Последовало крепкое рукопожатие. Прогалинский разулся, снял куртку, шапку, аккуратно поставил зонт на пол, прислонив к стене. Он прошёл в кухню и сел на табурет, потирая замёрзшие руки. Евгений проследовал за ним и присел напротив. Он подумал о том, для чего Прогалинскому зонт, и машинально взглянул в окно.

– Снег с дождём, отвратительная погода! – широко улыбаясь, сообщил Марат. Золотые коронки мрачно блеснули, привлекая к себе внимание. – А с утра был туман. Ты заметил?

– Заварить чай?

– Может, что-нибудь покрепче?

Евгений кивнул и полез в холодильник за водкой. Благодаря тому, что он вчера выпил мало, она осталась. Не нужно бежать в магазин.

– У тебя не работает телефон, Женечка.

– Я его отключил.

– Мама не могла дозвониться, поэтому я приехал посмотреть, всё ли в порядке.

– Да в порядке я.

– Хорошо.

Они выпили.

– Ты что-то плохо выглядишь, Жень.

– Ночь не спал. Вот прилёг ненадолго.

– Понимаю. Мама сказала, что ты вчера ездил на кладбище. Это для всех нас тяжело.

Они снова выпили. Водка шла легко. Благодаря этому напряжение в мышцах ушло, кровь ударила в голову, согревая. Прогалинский поднялся и сходил за хозяйственной сумкой, которую оставил в прихожей. Быстро достал из неё банку кильки в томатном соусе, кусок копчёной колбасы и половинку ржаного хлеба. Достал из шкафа тарелки и с удовольствием разложил на них закуску. Марат Прогалинский всё делал хорошо и с удовольствием. Казалось, что ничто не может сломить его и вывести из себя. Улыбался, блестя коронками, откашливался и громко глотал слюну, потирая руки.

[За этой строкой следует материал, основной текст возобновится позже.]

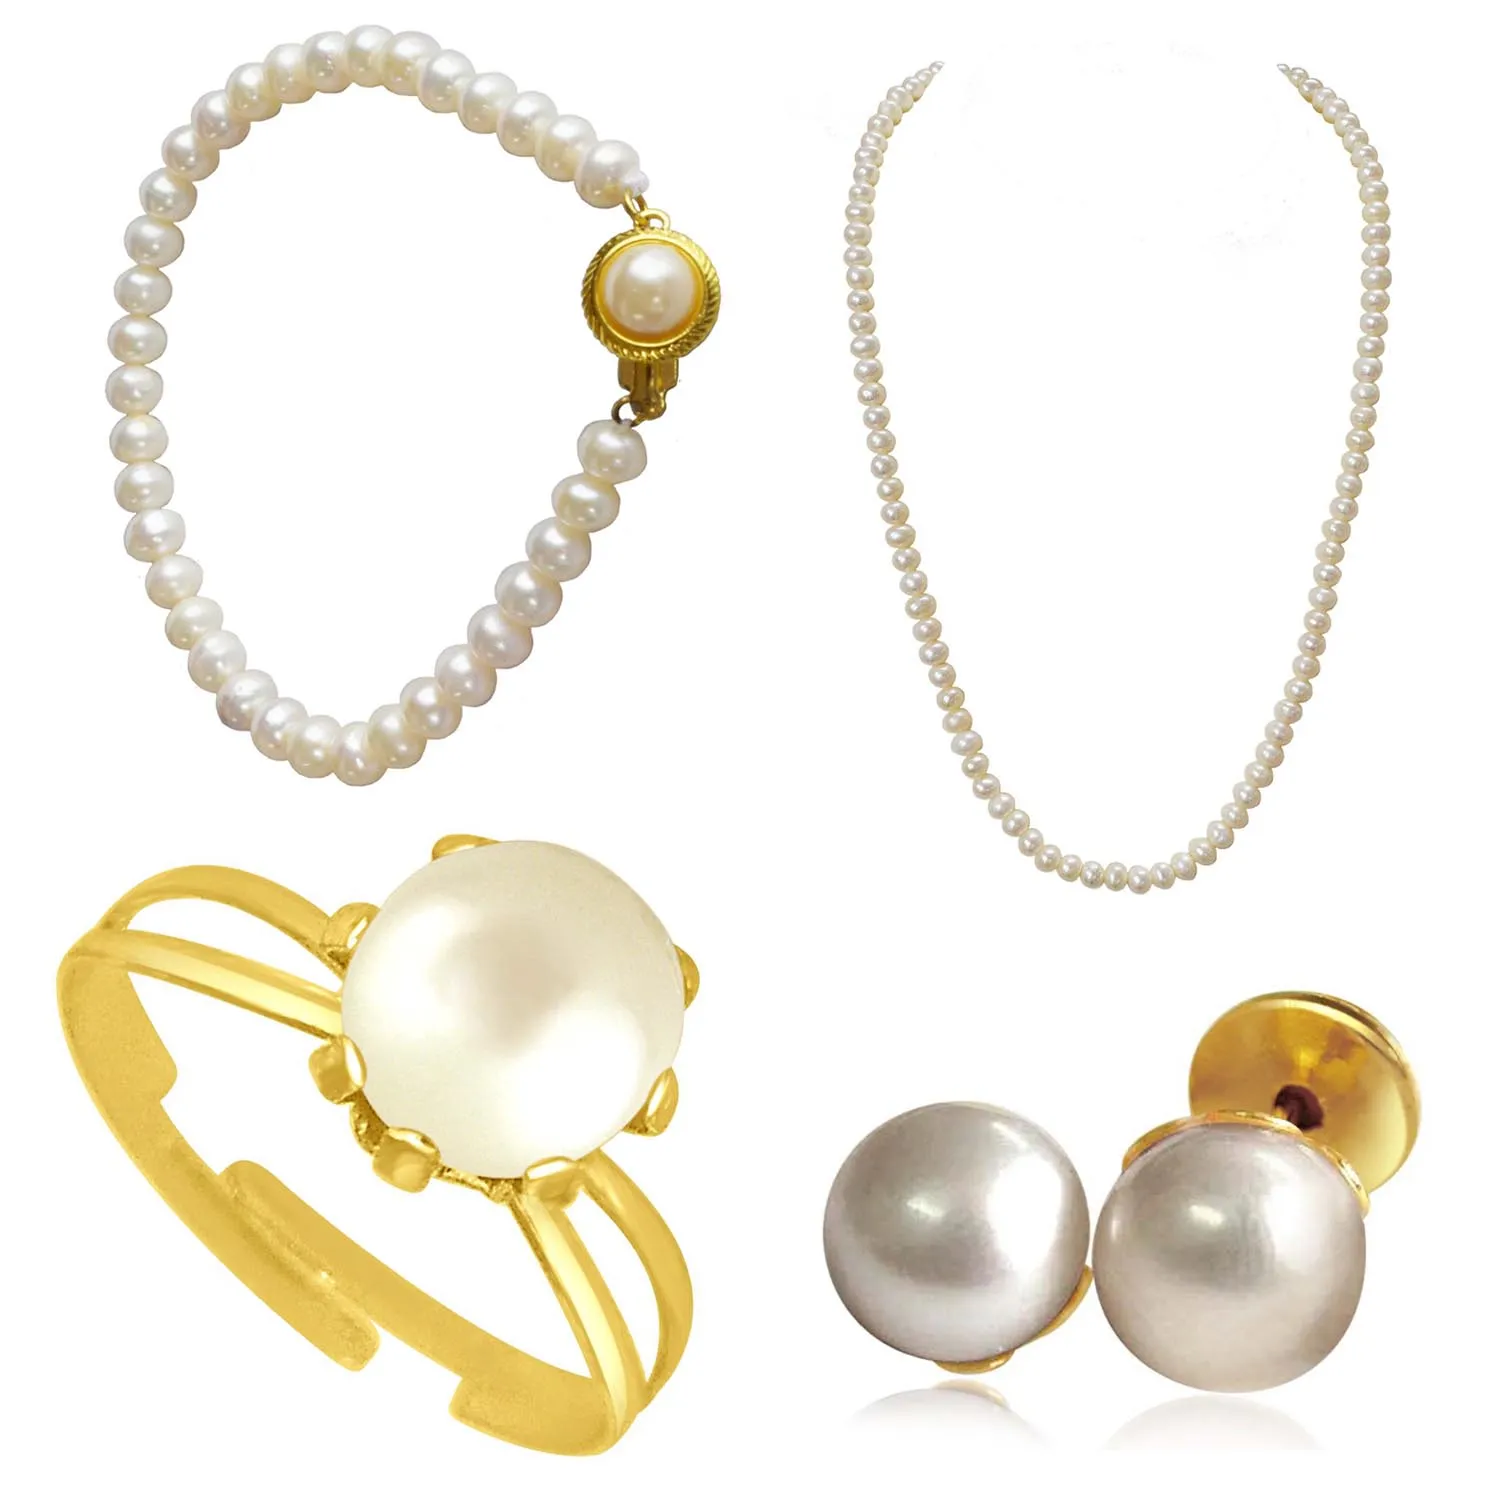 Single Line Real Natural Freshwater Pearl Necklace, Earrings, Ring, Bracelet Set (H1954)
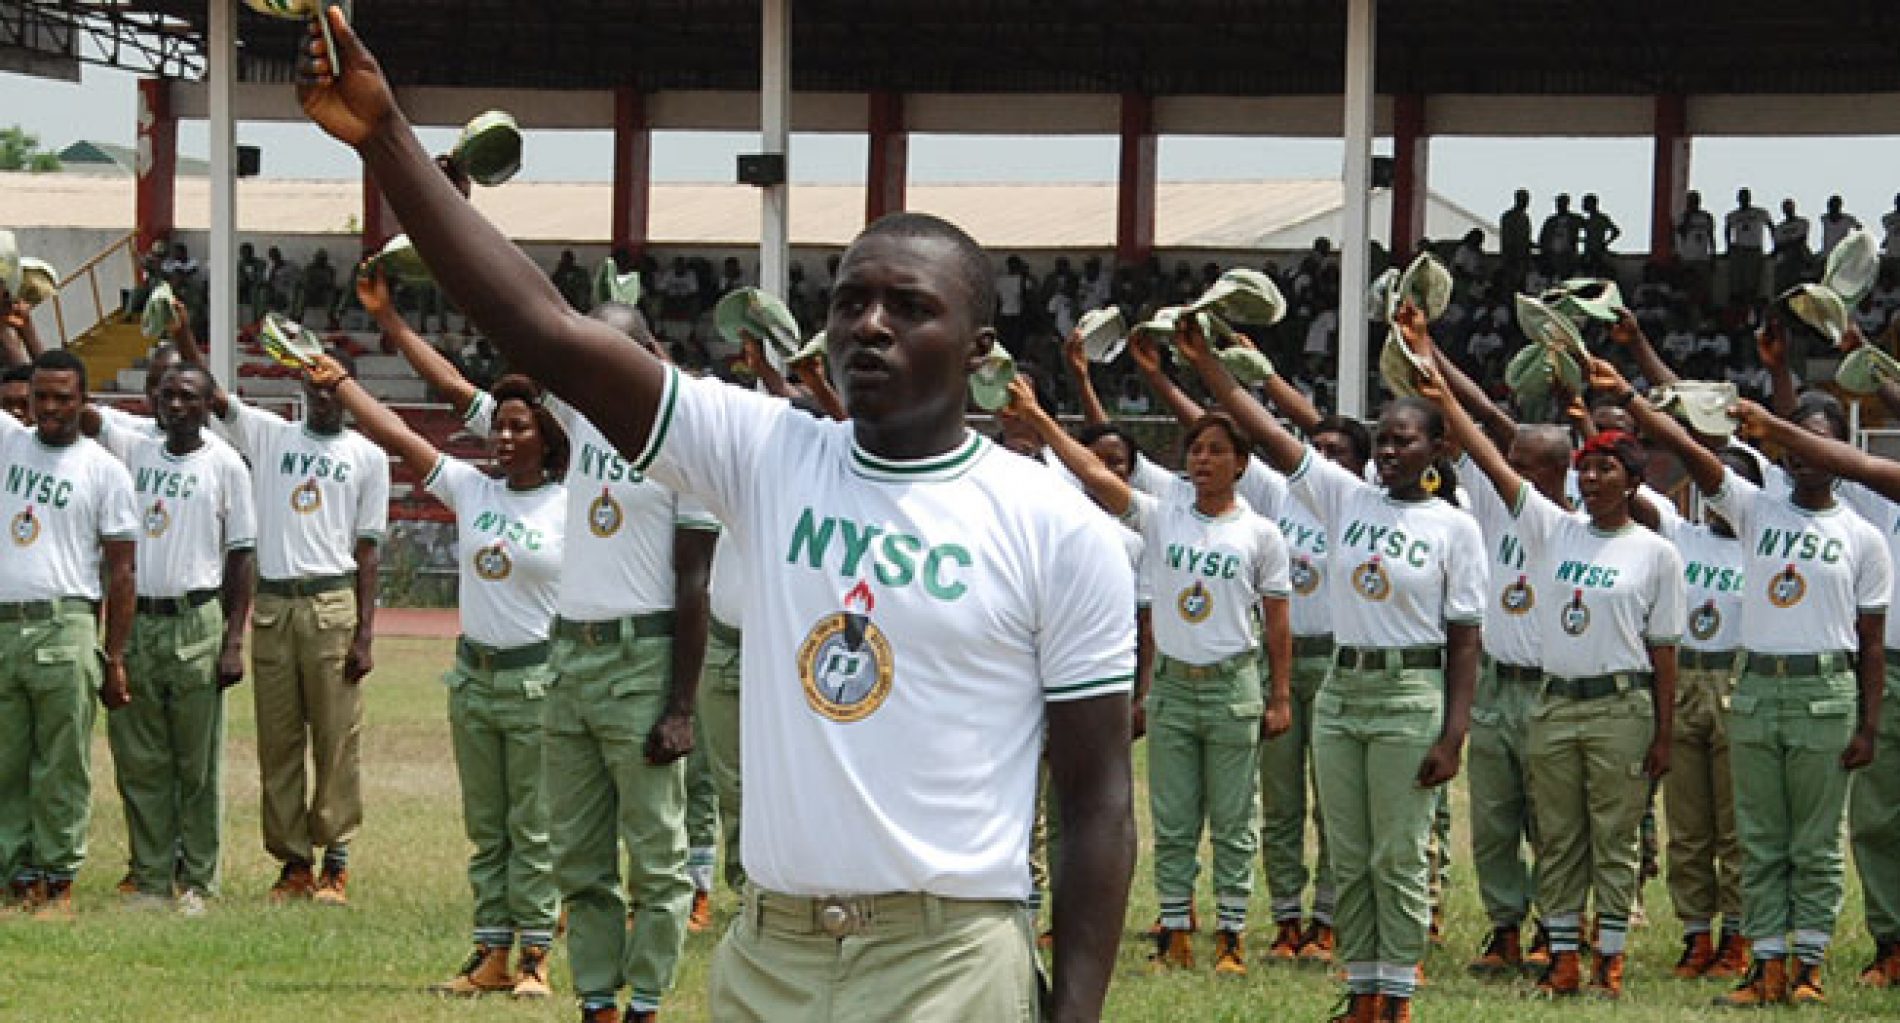 JEWEL IN THE SAVANNAH (An NYSC Experience)

– А я ведь, Жень, больше не работаю с мебелью. Ушёл.

Говорил он, жадно набрасываясь на хлеб и колбасу, не забывая подливать водку в рюмки.

– Ты больше не начальник? Я не знал.

– Хватит, сколько можно? Я сейчас на овощной базе сторожем. Хорошая работа, сутки через трое. Тишина, природа. Собачек кормлю бездомных.

– Я не знал,– удручённо покачал головой Евгений.

– Уж год как работаю.

– Год?

Евгений замер. Тяжело поднял руку и дотронулся до коротких волос. Он совершенно не знал о том, что происходило вокруг. В эти минуты появилась тревога. Не было ли упущено что-то важное? И отчего номер жены долгое время не отвечает?

– А мама?

– Мама осталась, – широко улыбнулся Прогалинский. – Ей хорошо работается на складе. И Анечка тоже. Мои девочки молодцы! Всё у них горит в руках, всё получается.

Евгений поморщился:

– У Аньки никакого образования нет, что она может?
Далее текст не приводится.